TO DO: Without changing a word, return the listing below, minus its images.

DATA PROVIDED:

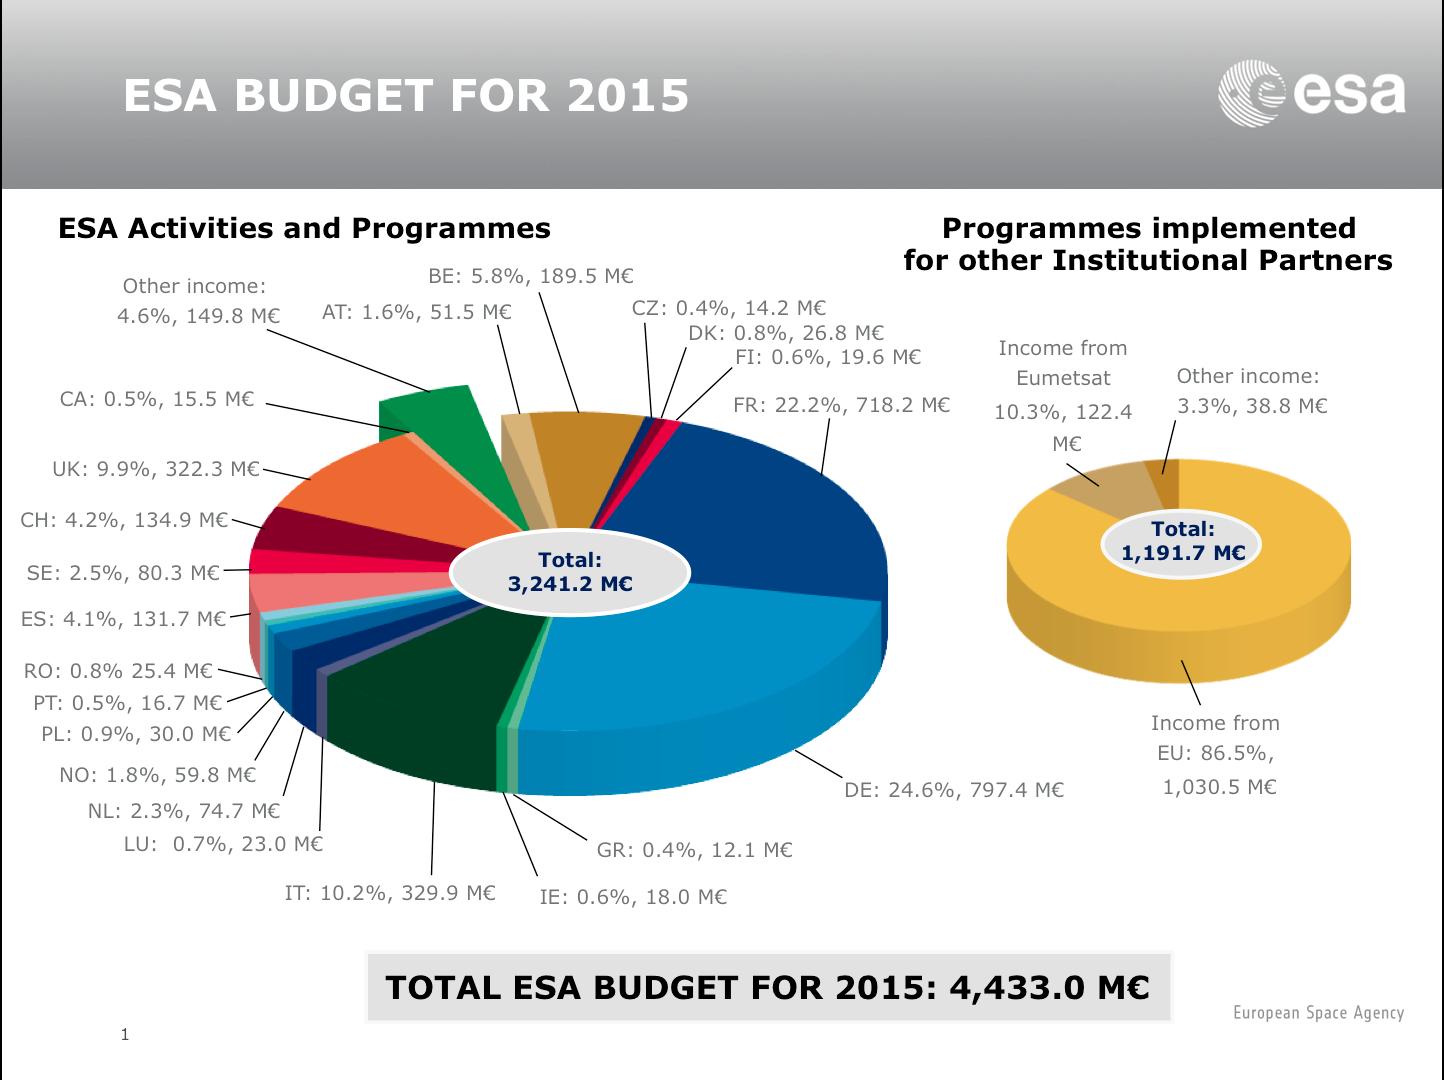 esa_budget_2015.png
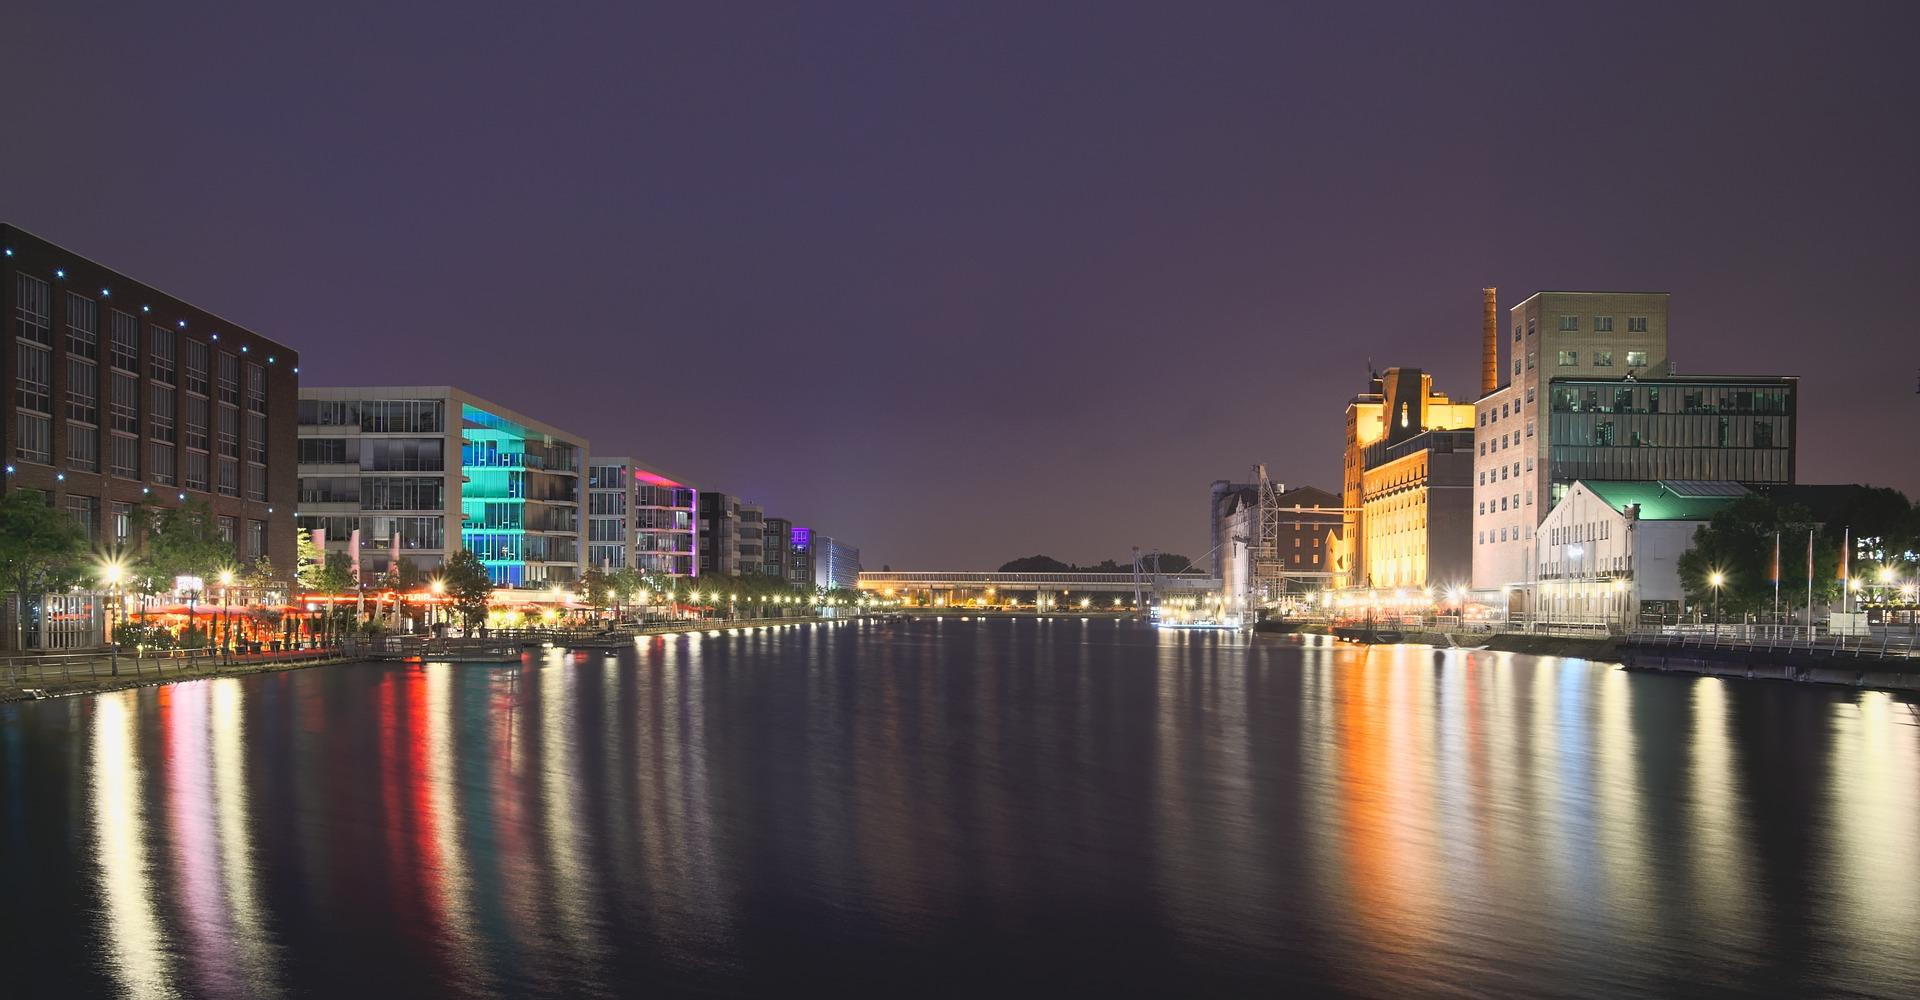 Bild von der Stadt Duisburg bei Nacht mit spiegelnden Lichtern im Wasser
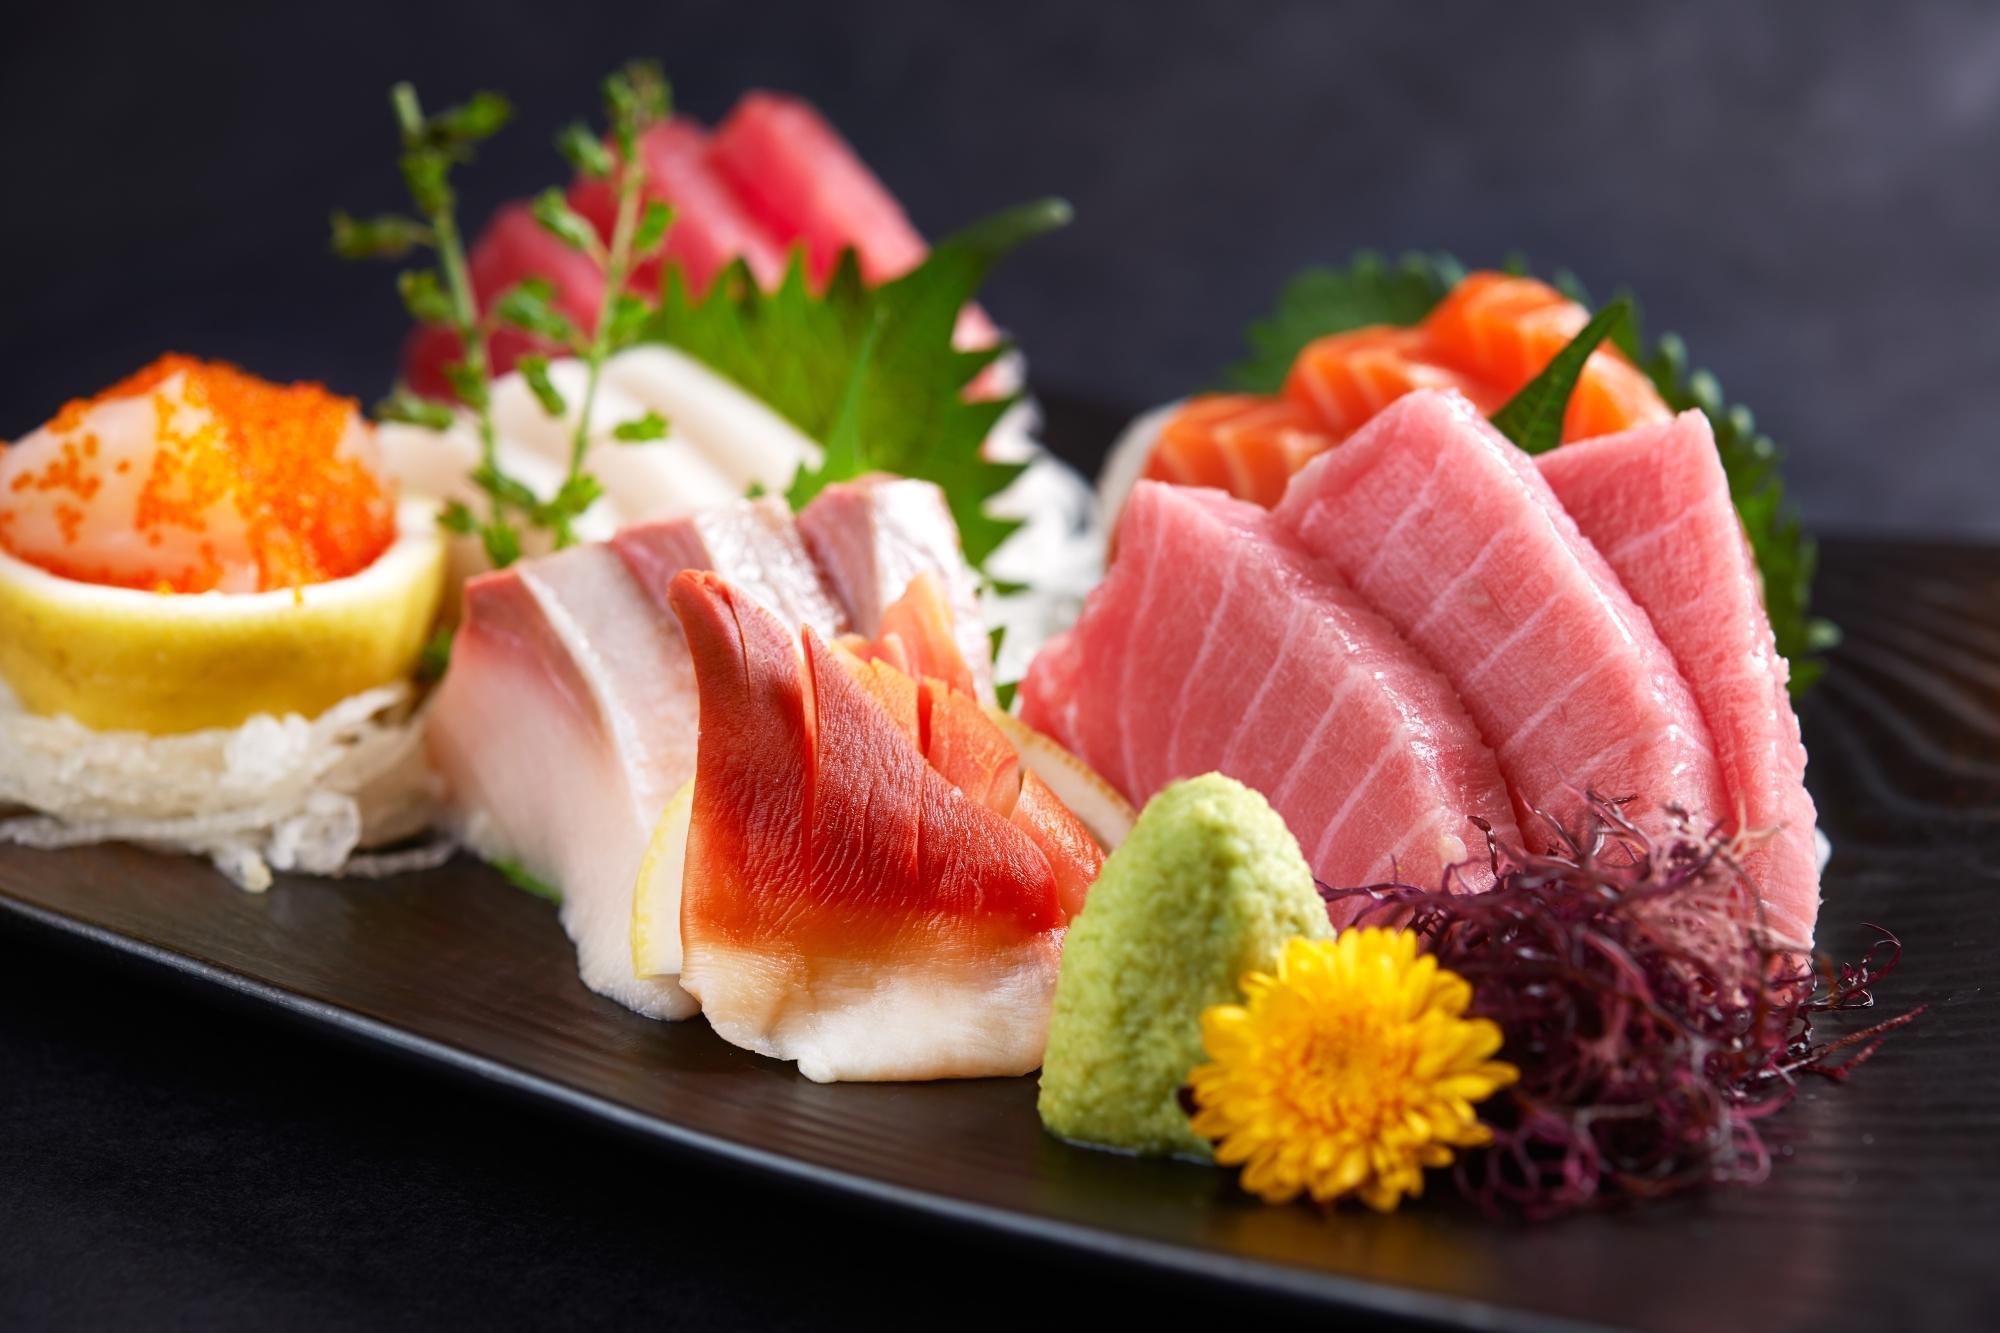 вам нужно сашими от японских мастеров фото актуальная

TASK SOLUTION:
 esa_budget_2015.png
 Bild von der Stadt Duisburg bei Nacht mit spiegelnden Lichtern im Wasser
 вам нужно сашими от японских мастеров фото актуальная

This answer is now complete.